Debugging Common Issues in Hudi Workflows

Apache Hudi is a powerful lakehouse framework that supports upserts, incremental processing, and time-travel analytics. But as with any complex system, users can encounter a variety of issues during ingestion, compaction, or querying—especially when dealing with large-scale datasets and streaming pipelines.

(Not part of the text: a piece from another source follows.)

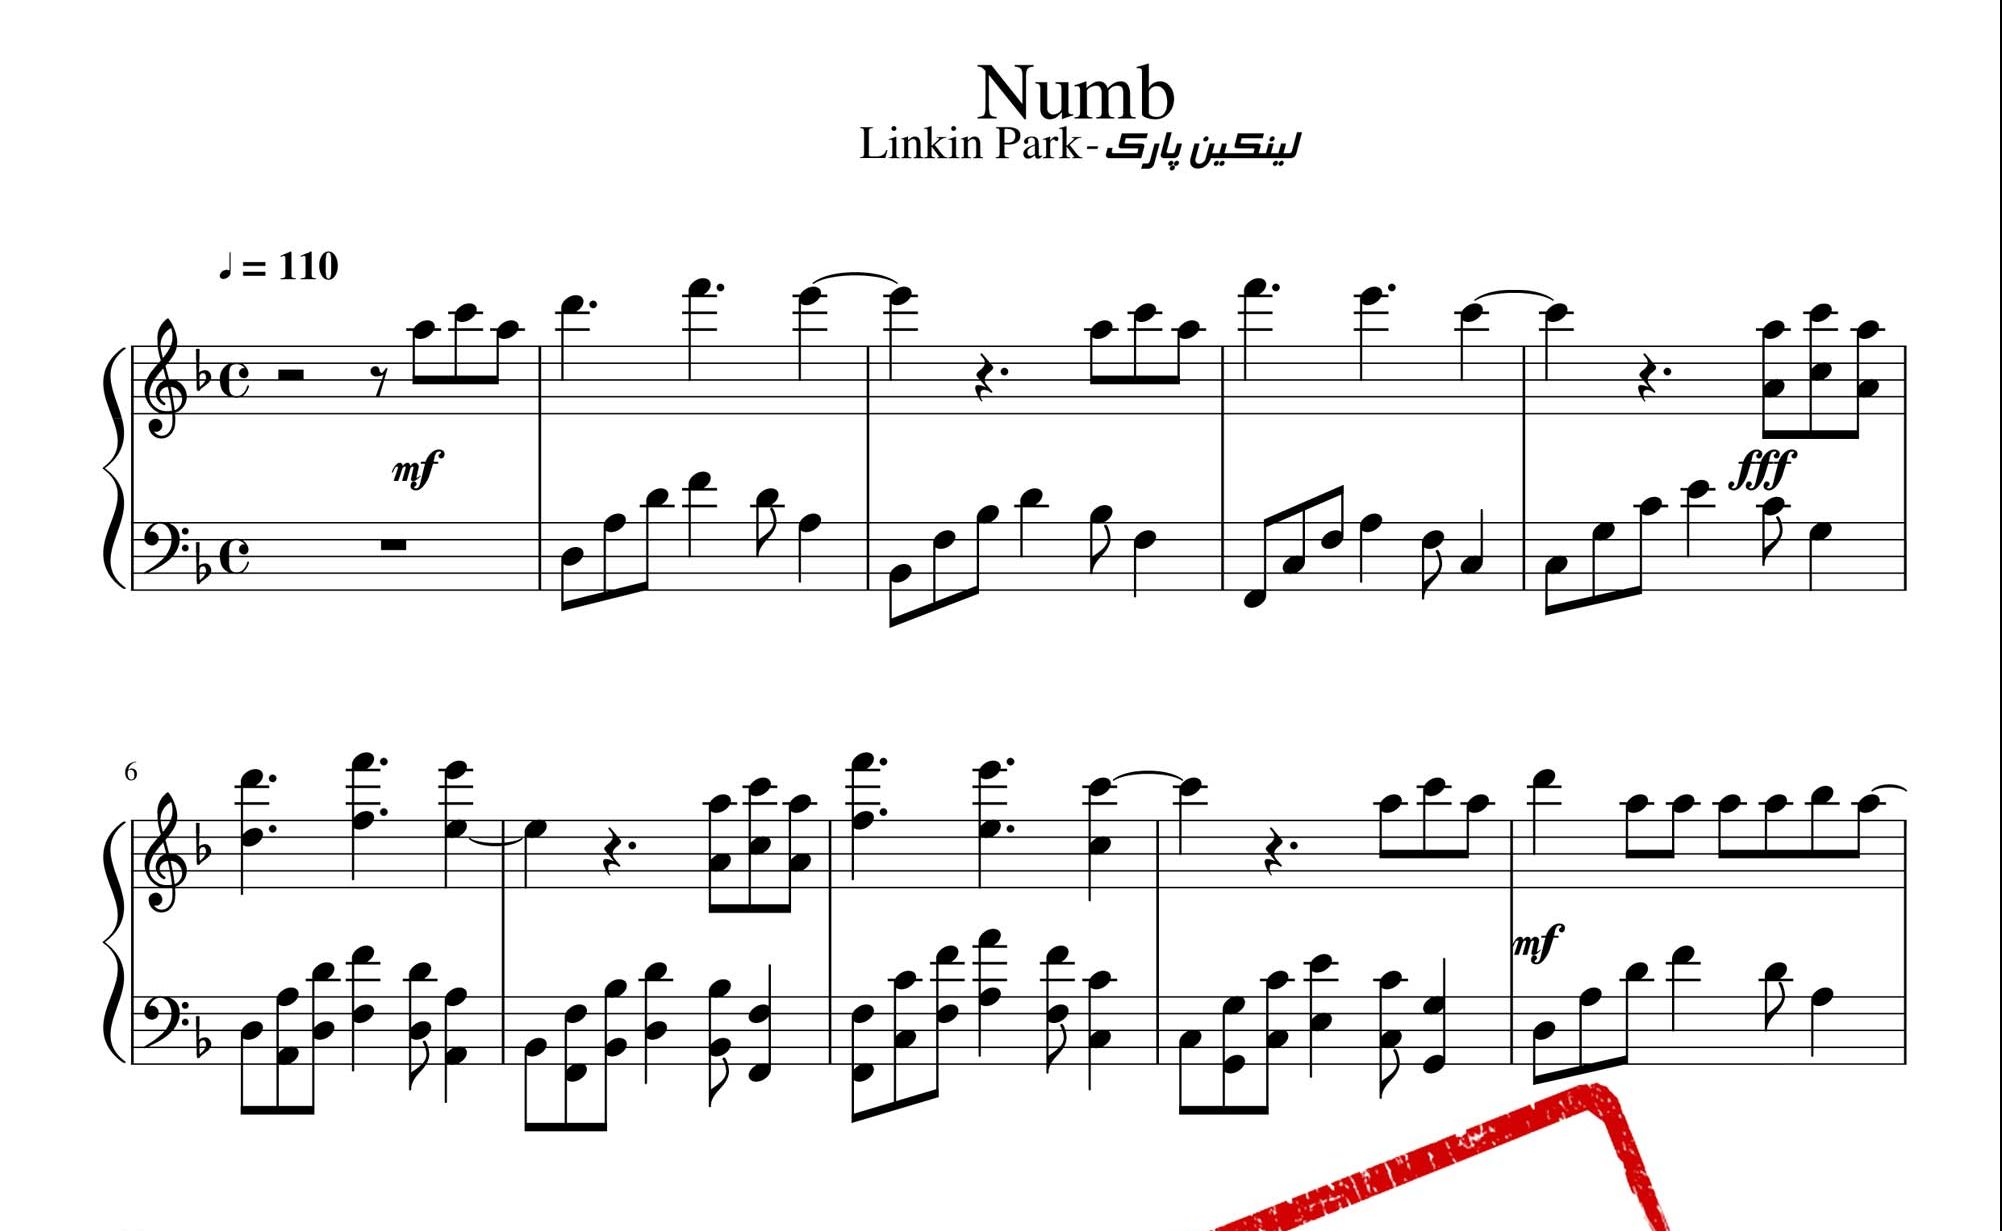 نت پیانوی آهنگ Numb گروه لینکین پارک
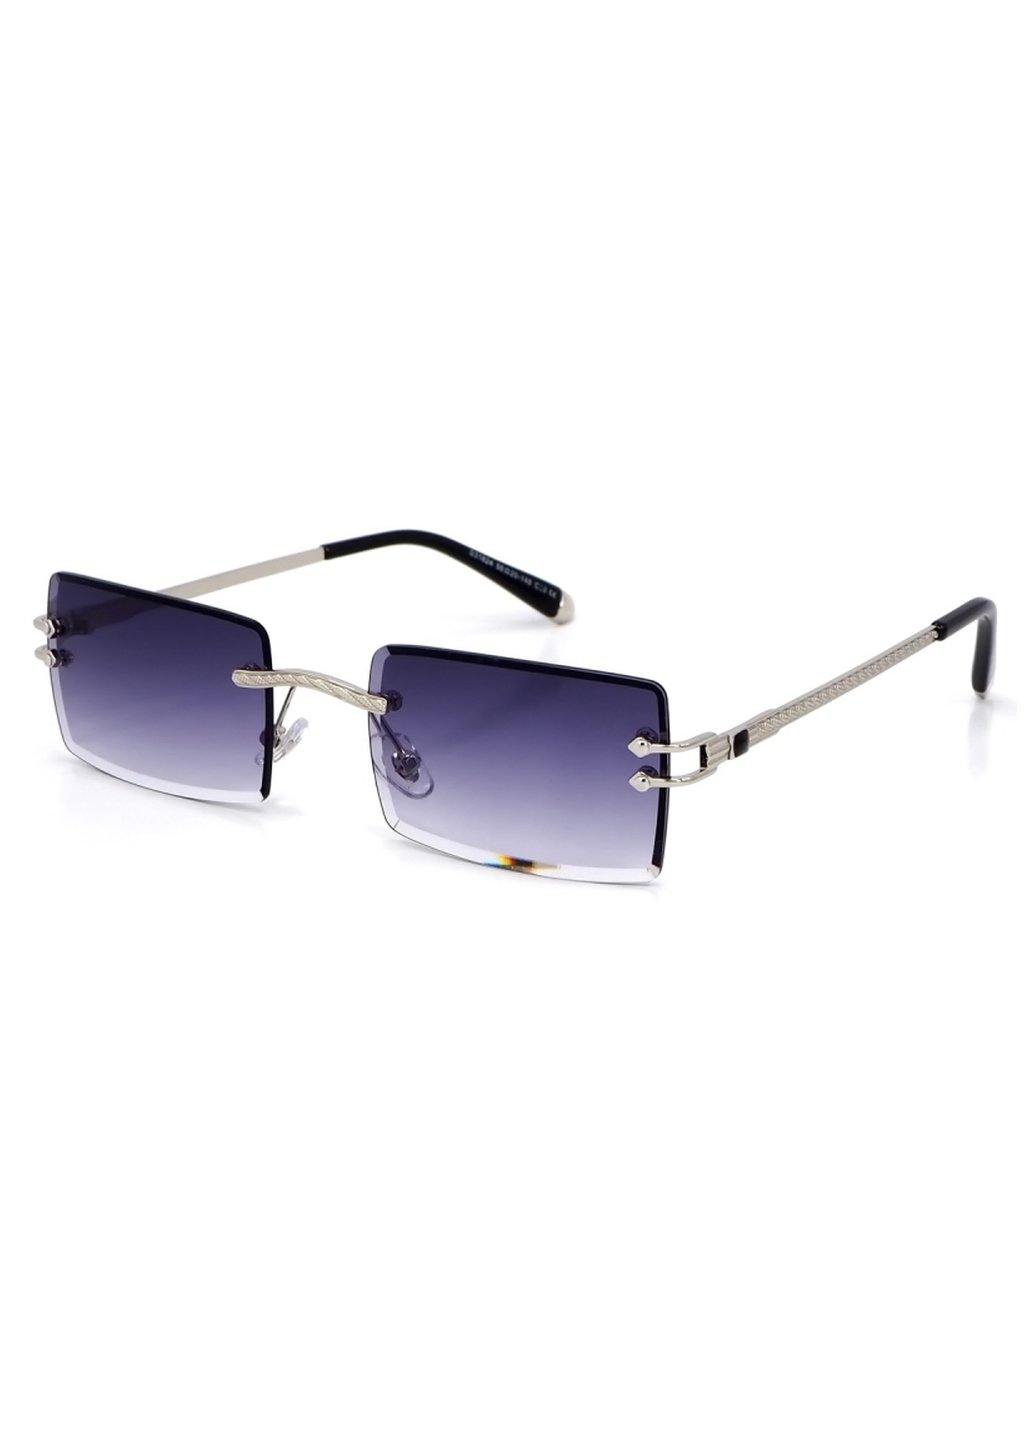 Купить Женские солнцезащитные очки Merlini с поляризацией S31824 117077 - Серый в интернет-магазине

This post outlines common issues in Hudi workflows, provides practical debugging tips, and offers guidance on how to monitor and stabilize your data pipelines in production.

1. Compaction Failures in Merge-On-Read Tables

Problem: Compaction fails or times out.

Symptoms:

Missing base files
Hudi timeline stuck in inflight state
Queries return incomplete data

Solutions:

Check compaction status:
```
hudi-cli
> compactions show all
```

Force compaction cleanup:

hudi-cli
> compaction schedule --table-path s3://my-table
> compaction run

Tune compaction settings:

hoodie.compact.inline = false
hoodie.compact.max.delta.commits = 5

2. Write Operation Errors

Problem: Ingestion job fails with writer exceptions.

Symptoms:

NullPointerException
Task killed due to memory
HudiWriteClient not found

Root Causes:

Mismatch between Hudi version and Spark/Flink version
Insufficient memory for write buffer
Incorrect record key or precombine field

Solutions:

Validate fields in write config:

hoodie.datasource.write.recordkey.field = id
hoodie.datasource.write.precombine.field = ts

Upgrade to compatible Hudi + engine versions

Increase Spark executor memory:

--executor-memory 4g
--conf spark.serializer=org.apache.spark.serializer.KryoSerializer

3. Metadata Table Issues

Problem: Table operations slow or hang due to corrupted metadata.

Symptoms:

Timeouts during file listing
Metadata compaction backlog

Solutions:

Enable metadata cleaning:

hoodie.metadata.clean.automatic = true
hoodie.metadata.compact.async = true

Validate metadata health:
```
hudi-cli
> metadata stats
```
In extreme cases, disable metadata temporarily:
```
hoodie.metadata.enable = false
```

4. Schema Mismatch and Evolution Failures

Problem: Job fails due to schema incompatibility.

Symptoms:

Column not found
SparkAnalysisException or Avro schema mismatch

Root Causes:

Record schema doesn’t match table schema
Missing nullable fields in incoming data

Solutions:

Enable schema validation and auto-evolution:

hoodie.avro.schema.validate = true
hoodie.avro.schema.allow.auto.evolution = true

Maintain versioned schema registry using tools like AWS Glue, Confluent Schema Registry, or Hive Metastore
Compare Avro schemas using hudi-cli or diff tools

5. Querying Issues with Athena or Presto

Problem: Athena returns empty results or errors.

Symptoms:

Table appears empty
Missing partitions
Incorrect file formats

Solutions:

Sync Hudi table to AWS Glue or HMS:

hoodie.datasource.hive_sync.enable = true
hoodie.datasource.hive_sync.mode = glue

For Merge-On-Read tables, ensure latest base and delta files exist
Use Copy-on-Write for Athena compatibility, or convert table type

6. Timeline Corruption or Stuck States

Problem: Ingestion jobs fail due to corrupted .hoodie timeline.

Symptoms:

.inflight commits remain forever
Rollbacks don’t complete

Solutions:

Manually rollback stuck commits:

hudi-cli
> rollback --commitTime 20241116120010

Clean up partial files and rerun jobs
Use:
```
hoodie.clean.automatic = true
```

7. Small Files Explosion

Problem: High number of small files degrades performance and increases S3 costs.

Solutions:

Increase small file size limit:

hoodie.parquet.small.file.limit = 134217728  # 128MB

Enable clustering or compaction:

hoodie.clustering.inline = true
hoodie.clustering.plan.strategy.class = org.apache.hudi.client.clustering.plan.strategy.SparkSizeBasedClusteringPlanStrategy

8. Memory Issues in Large Ingest Jobs

Problem: Jobs get killed or OOM errors during write phase.

Tips:

Use Kryo serializer:

--conf spark.serializer=org.apache.spark.serializer.KryoSerializer

Increase executor memory and cores:

--executor-memory 8g
--executor-cores 4

Control commit frequency:

hoodie.bulkinsert.shuffle.parallelism = 200

Conclusion

Debugging Hudi workflows requires a solid understanding of its internal components—metadata table, write operations, compaction, and table timeline. Whether you’re running Spark or Flink, these common errors can be quickly identified and resolved with the right configuration, tooling, and monitoring practices.

Following these best practices helps you stabilize production pipelines, reduce ingestion failures, and deliver reliable lakehouse data at scale.